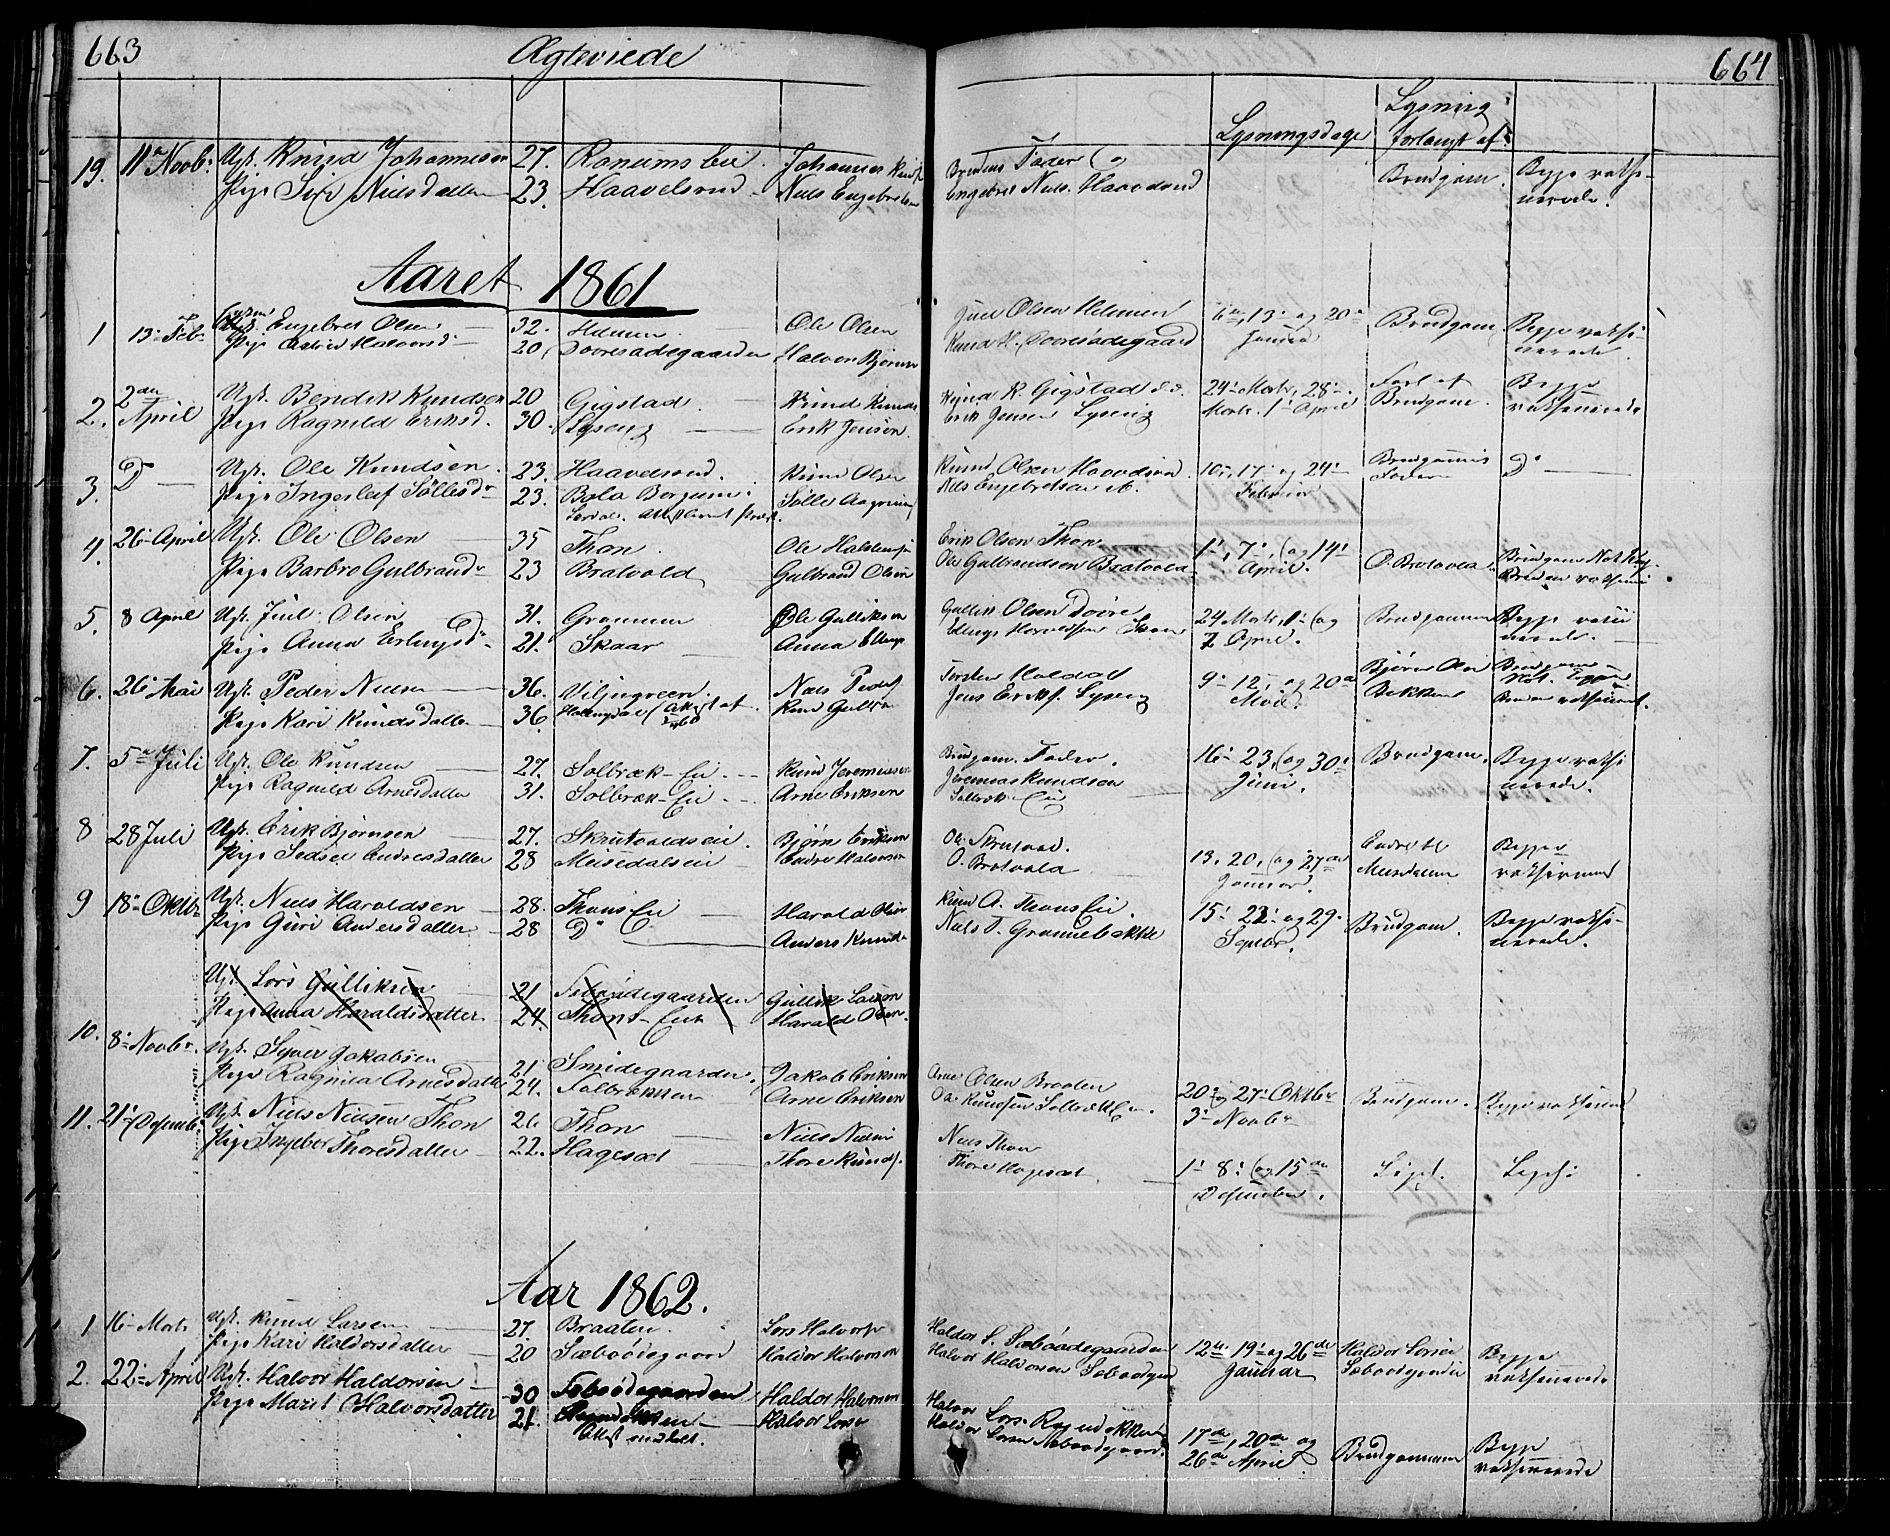 SAH, Nord-Aurdal prestekontor, Klokkerbok nr. 1, 1834-1887, s. 663-664
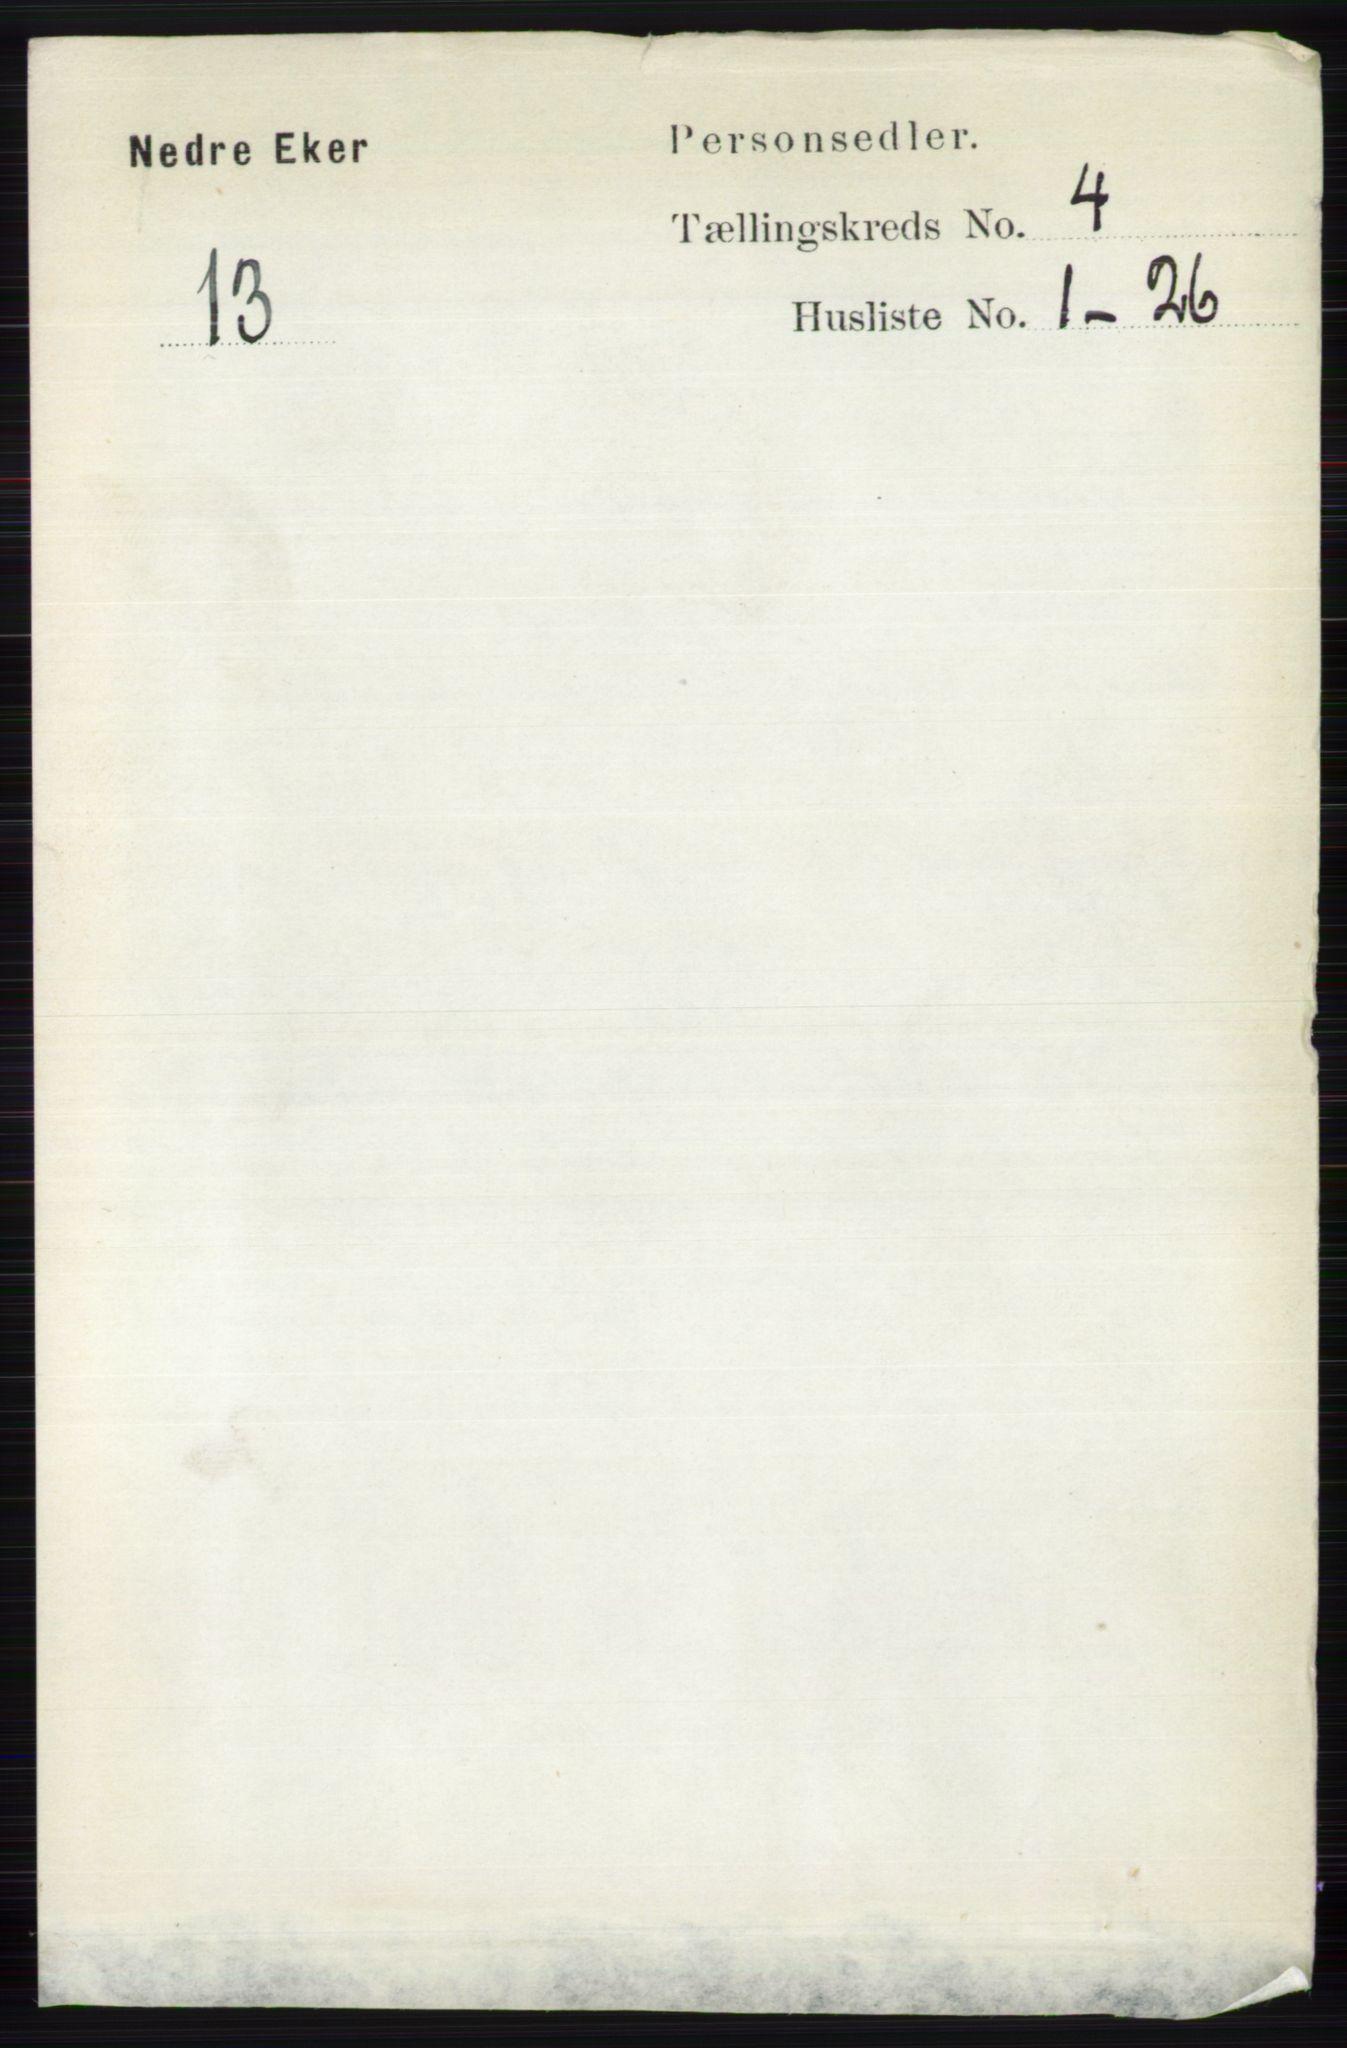 RA, Folketelling 1891 for 0625 Nedre Eiker herred, 1891, s. 1941
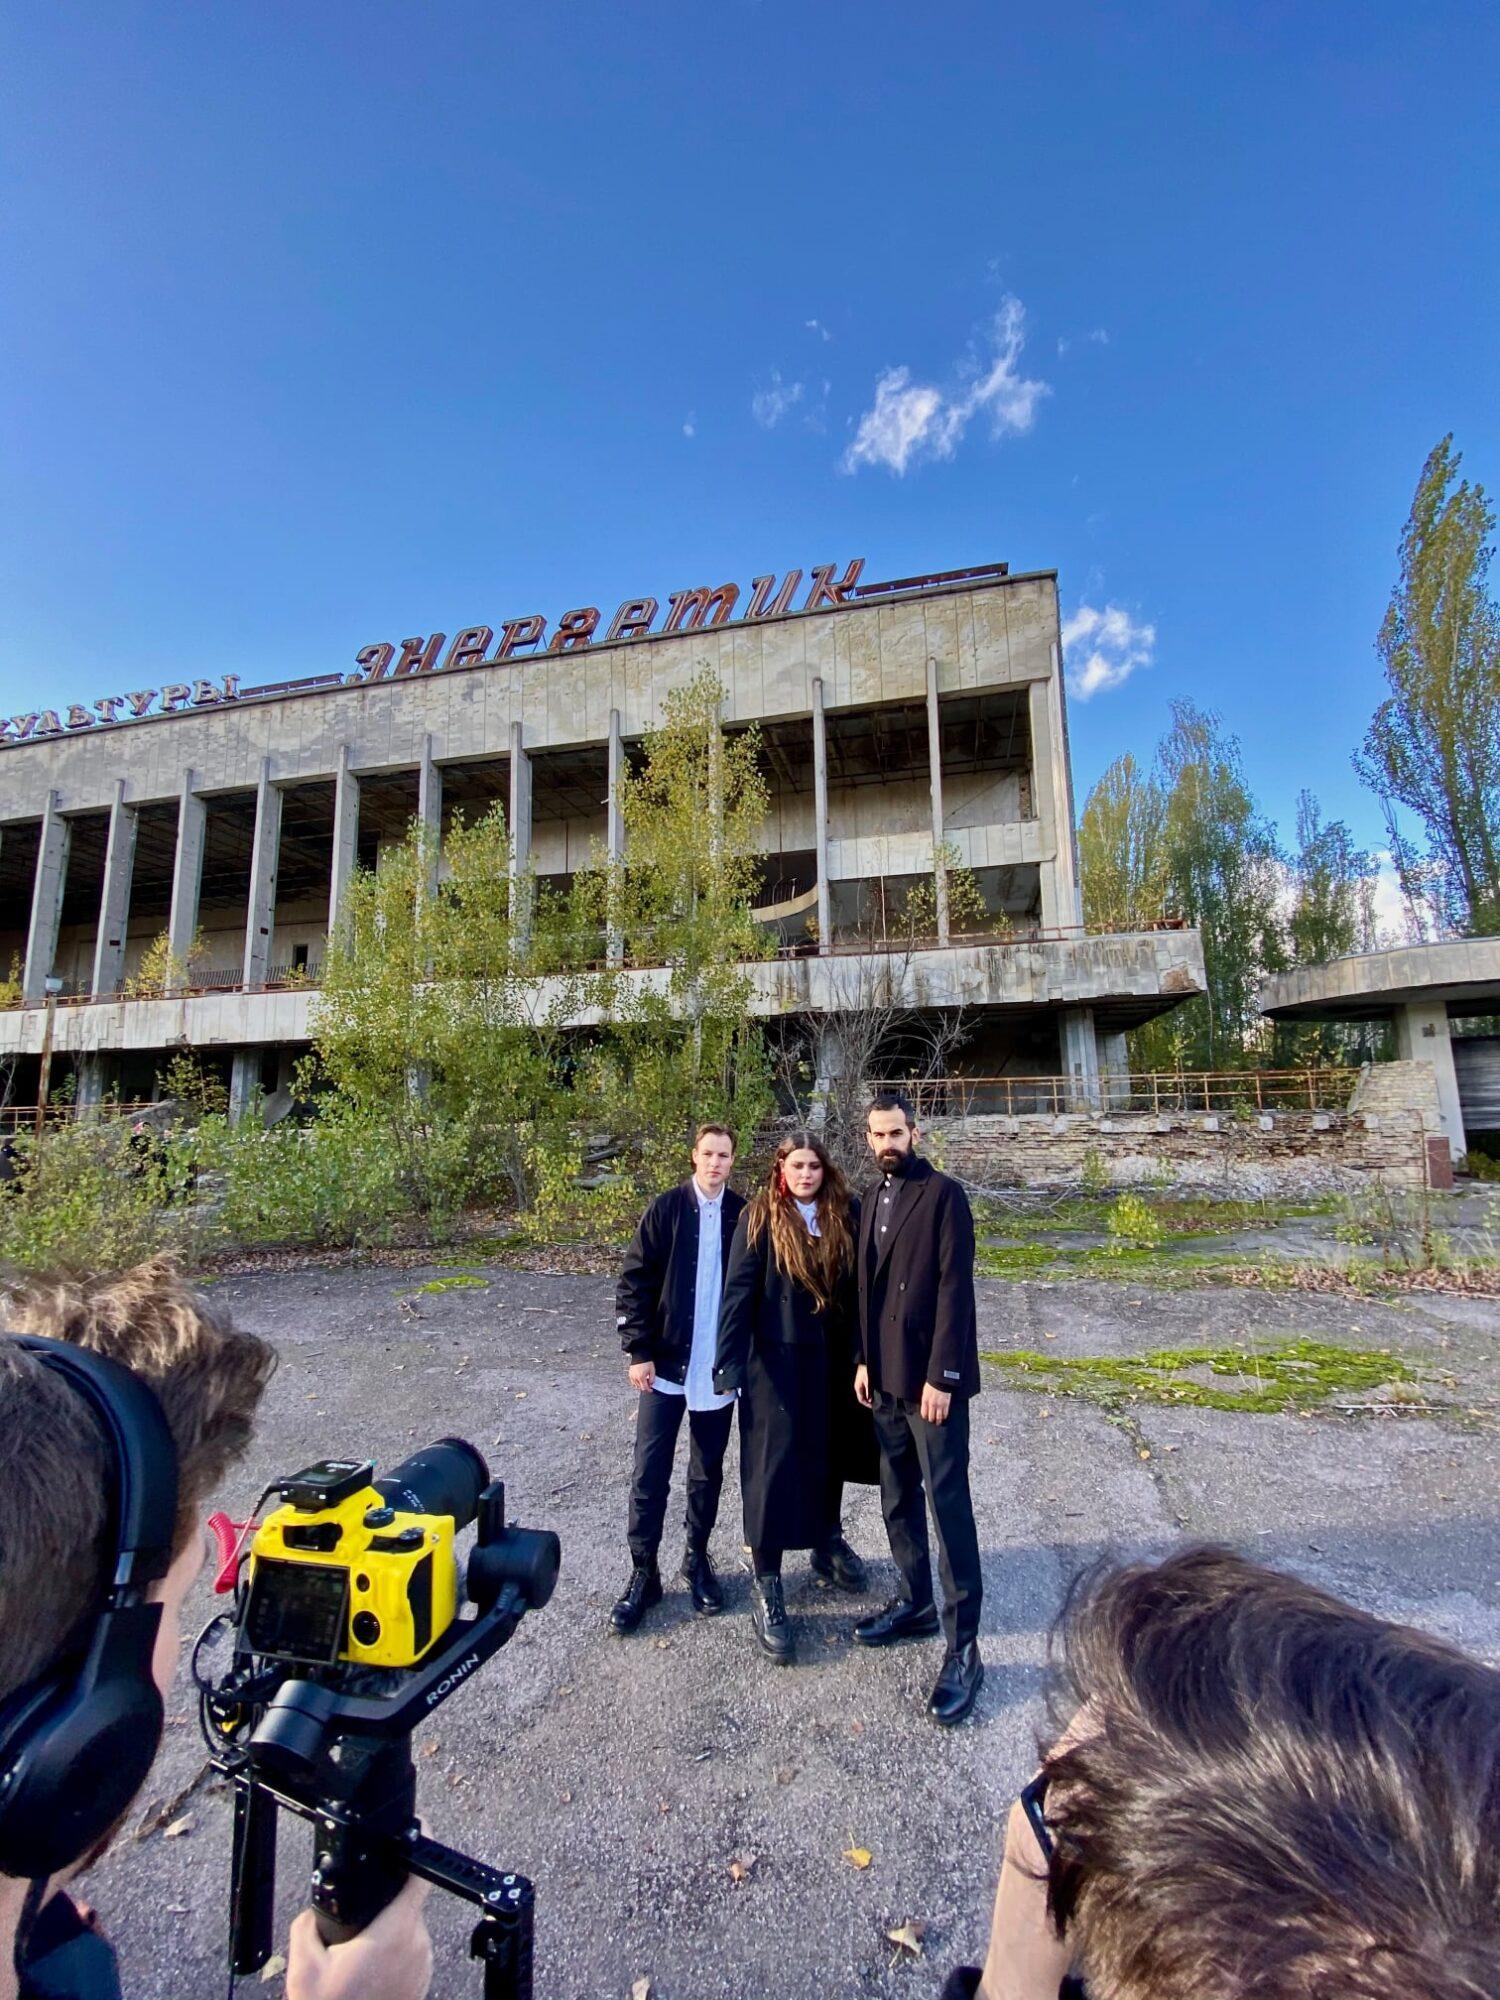 «Звуки Чорнобиля»: до реалізації проєкту долучився гурт KAZKA - Проєкт, музика - 122091469 3962790520417703 3919954744457805338 o 1500x2000

Exercise details:
Would you please retype the material above exactly and leave out each picture?

Solution to the problem:
 SAH, Nord-Aurdal prestekontor, Klokkerbok nr. 1, 1834-1887, s. 663-664
 RA, Folketelling 1891 for 0625 Nedre Eiker herred, 1891, s. 1941
 «Звуки Чорнобиля»: до реалізації проєкту долучився гурт KAZKA - Проєкт, музика - 122091469 3962790520417703 3919954744457805338 o 1500x2000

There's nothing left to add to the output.